In Britain, if you are old and infirm (or even young and very sick), you might get to visit the Liverpool Care Pathway -- on which you get sedatives and no life-sustaining care, including no food and fluids. While the son in this case says his parents were treated like dogs -- really they were not. Pets are euthanized -- but Britain subjects the people it puts on the Pathway to a tortuous death by dehydration. As I understand it, the decision to put someone on the Pathway can be made by the attending physician.

I have been collecting Daily Mail articles about the Pathway for a few months.
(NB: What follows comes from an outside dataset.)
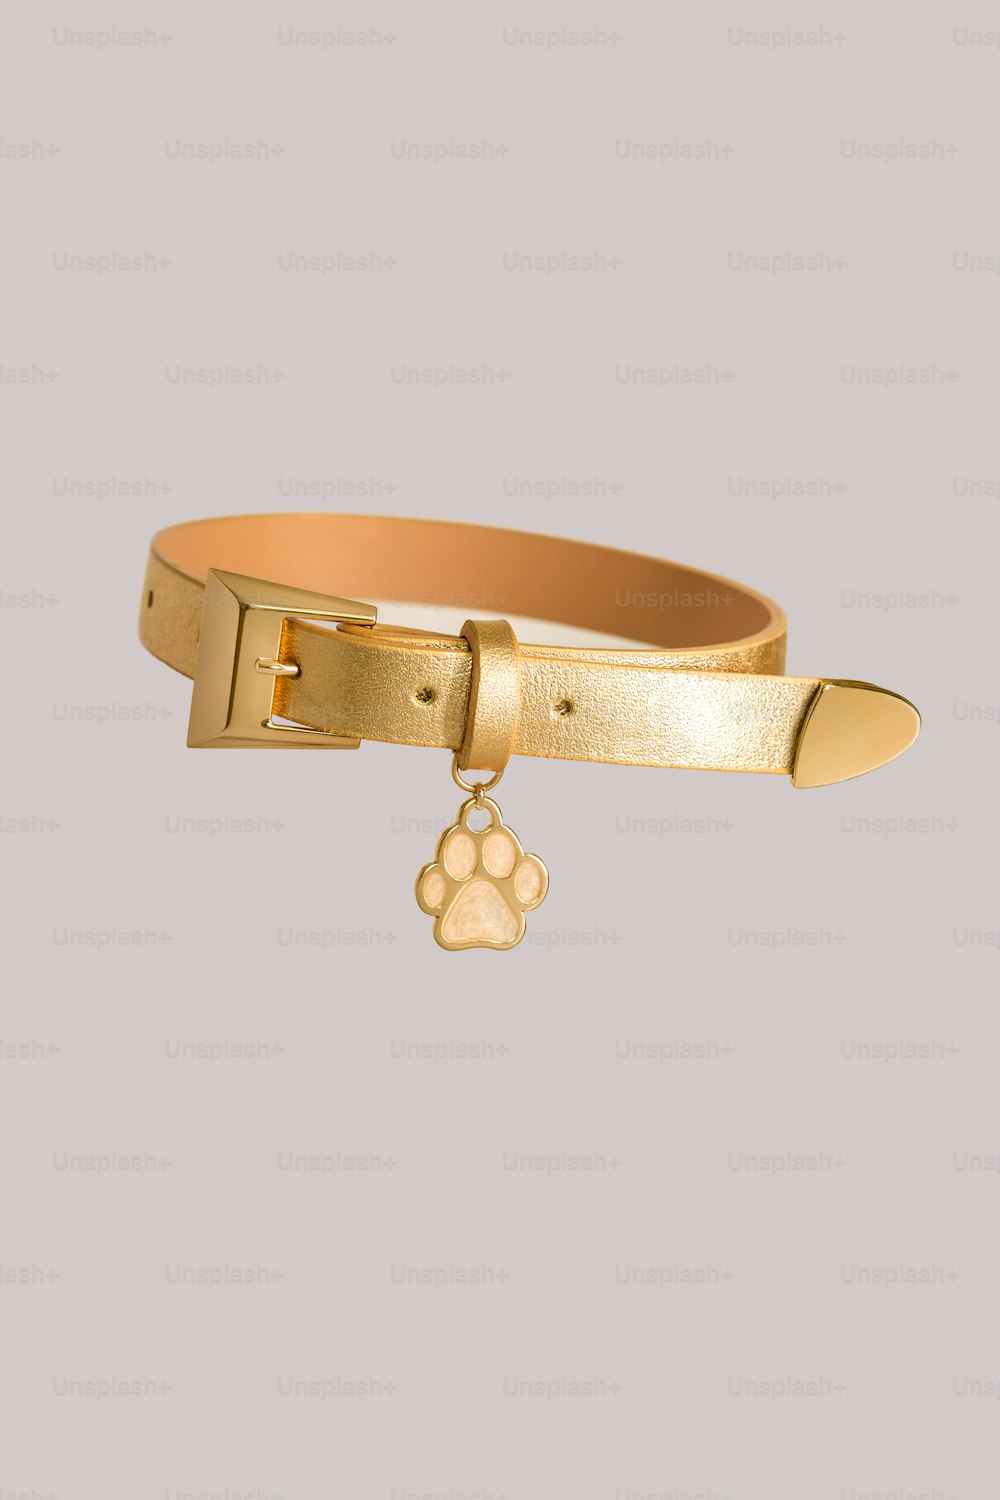 a gold belt with a dog's paw charm

There have been reports of families taking people out of the medical care facility that wanted use the Pathway, and the patient recovered.

Is this what we have to (not) look forward to under the latest version of our medical care system?

'They were treated like dogs waiting to be put down': Son of couple put on 'death pathway' blasts care home's decision to withdraw treatment

A war veteran and his wife died within days of each other after being put on the Liverpool Care Pathway without consent.

Charles Futcher, 90, who fought in the battle of El Alamein, died alone in a care home after he was put on the controversial end-of-life process.

Ten days later his wife Hilda, 89, died in the same home after she too was given sedatives and had vital food and fluids withdrawn under pathway procedures.


Their son, Charlie, said his parents had been treated ‘like animals who needed to be put down’ by doctors who ‘seemed to take it upon themselves to get rid of them’.

The 62-year-old, who was at his mother’s side when she died, said the couple’s treatment had been grotesque and claimed they were put on the pathway without consultation.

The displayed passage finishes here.